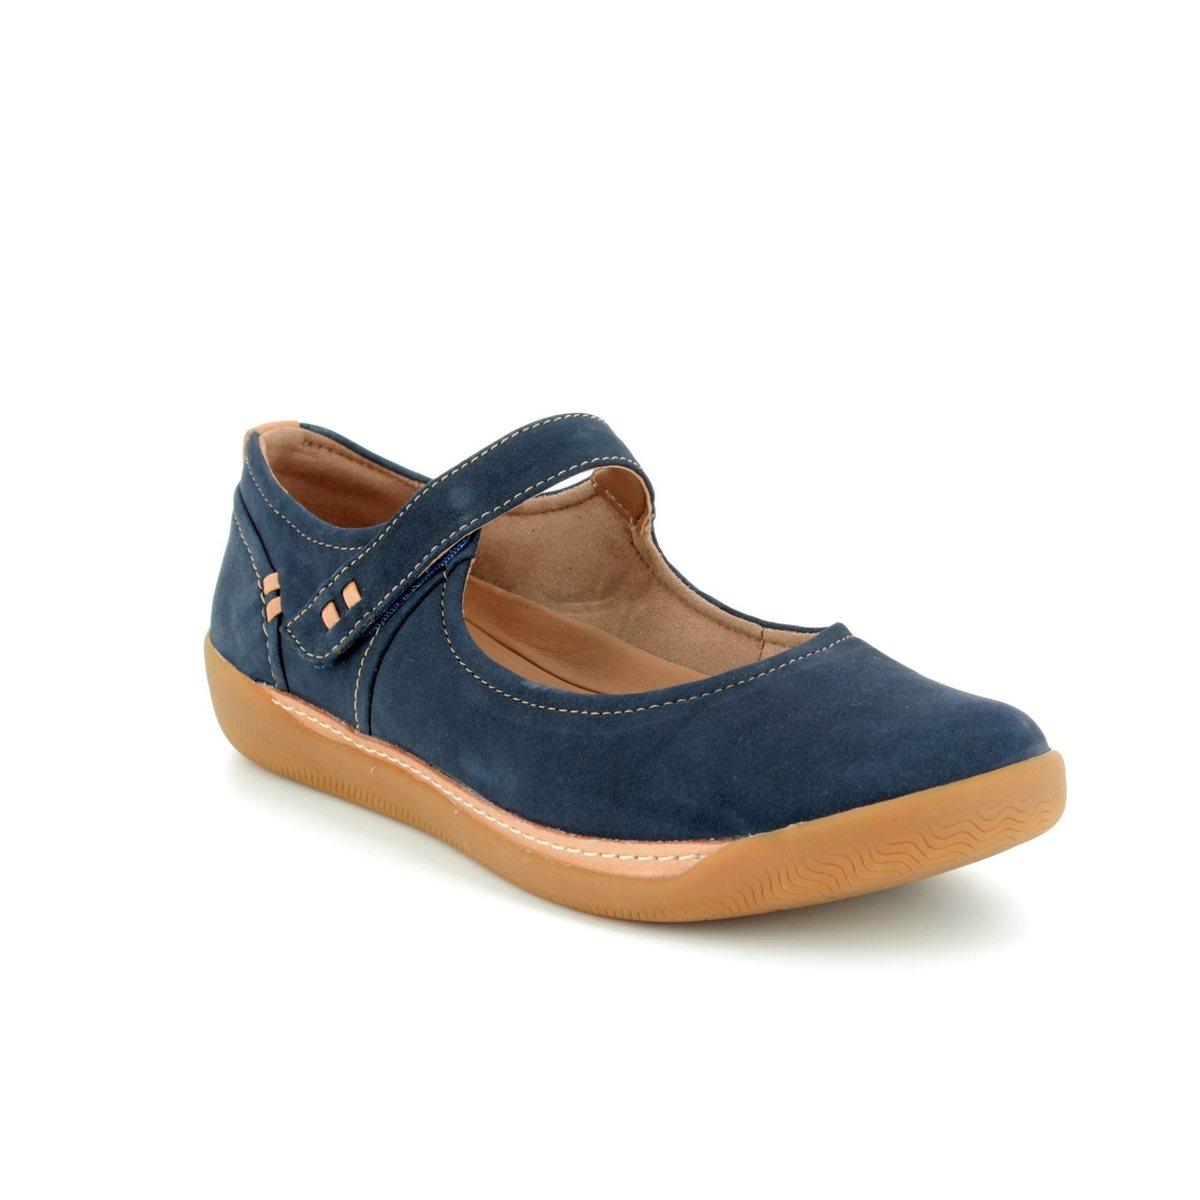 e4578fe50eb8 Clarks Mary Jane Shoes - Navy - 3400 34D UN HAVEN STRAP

----------------

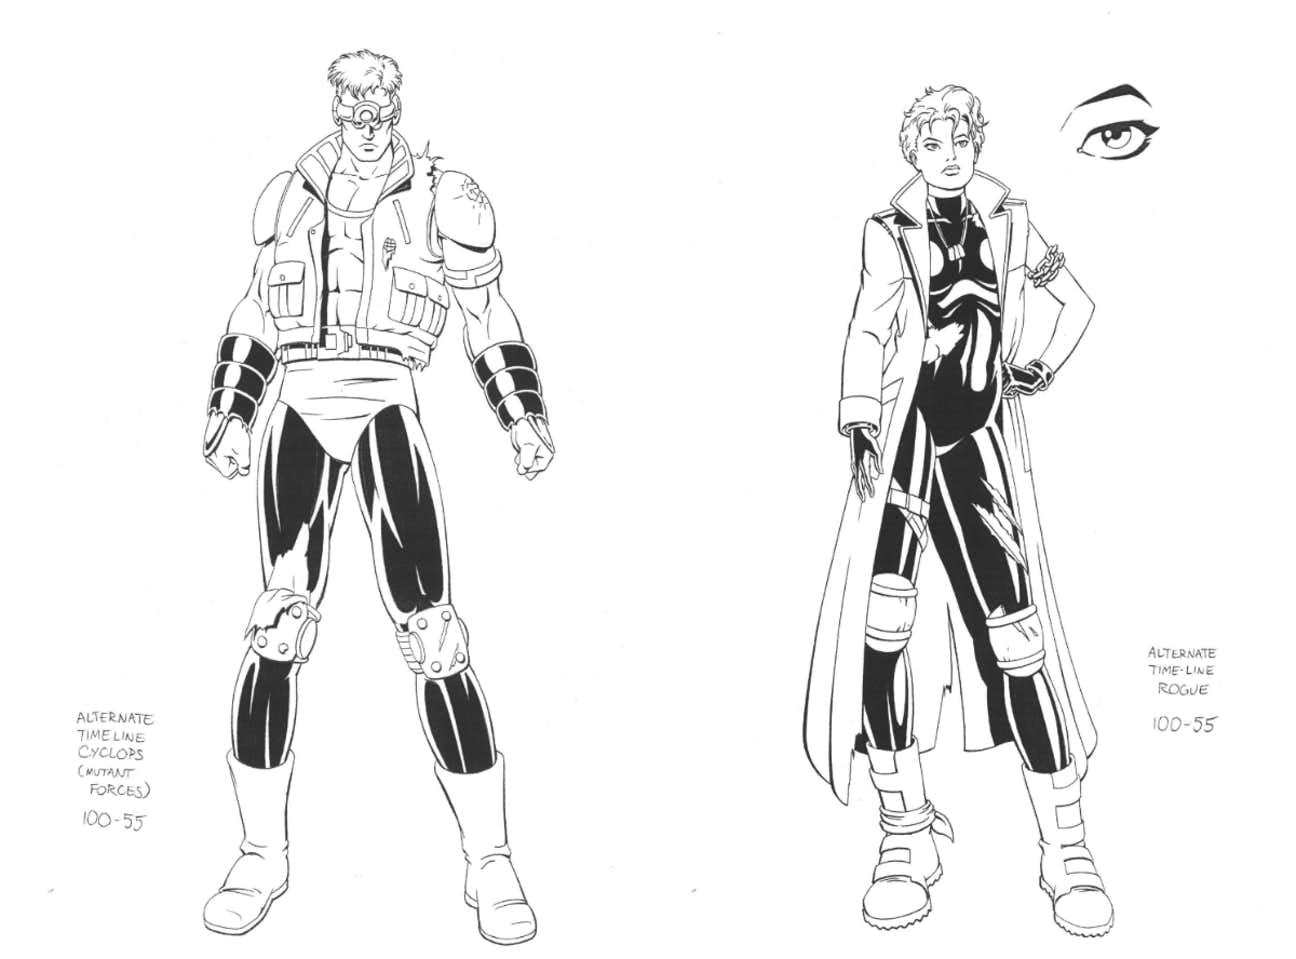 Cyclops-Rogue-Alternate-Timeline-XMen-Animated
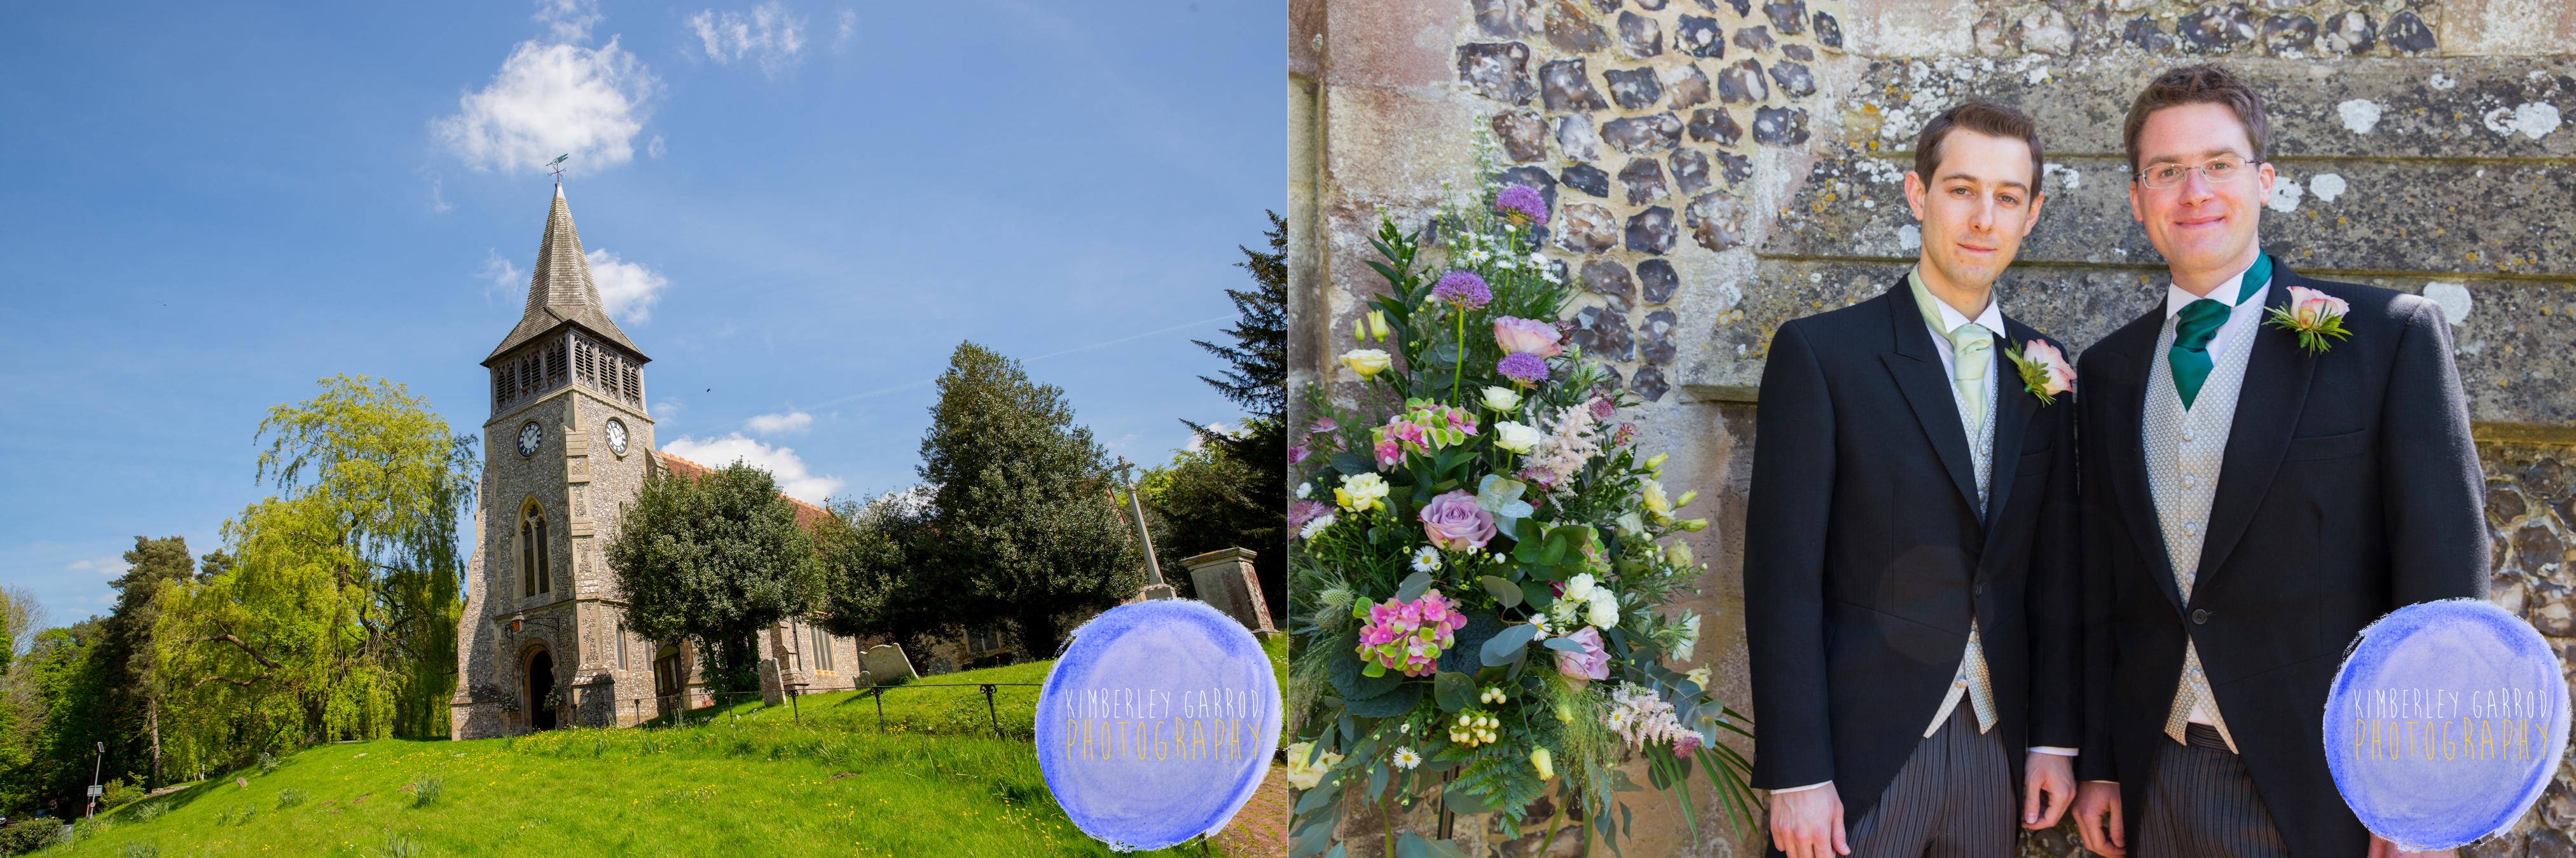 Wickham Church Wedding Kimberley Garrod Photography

----------------

- _Assignment_:
In the entries above, find the line containing "Cyclops-Rogue-Alternate-Timeline-XMen-Animated" and the line containing "Wickham Church Wedding", then copy both and every line between them exactly, without any picture.

- _Solution below_:
 Cyclops-Rogue-Alternate-Timeline-XMen-Animated
 Wickham Church Wedding Kimberley Garrod Photography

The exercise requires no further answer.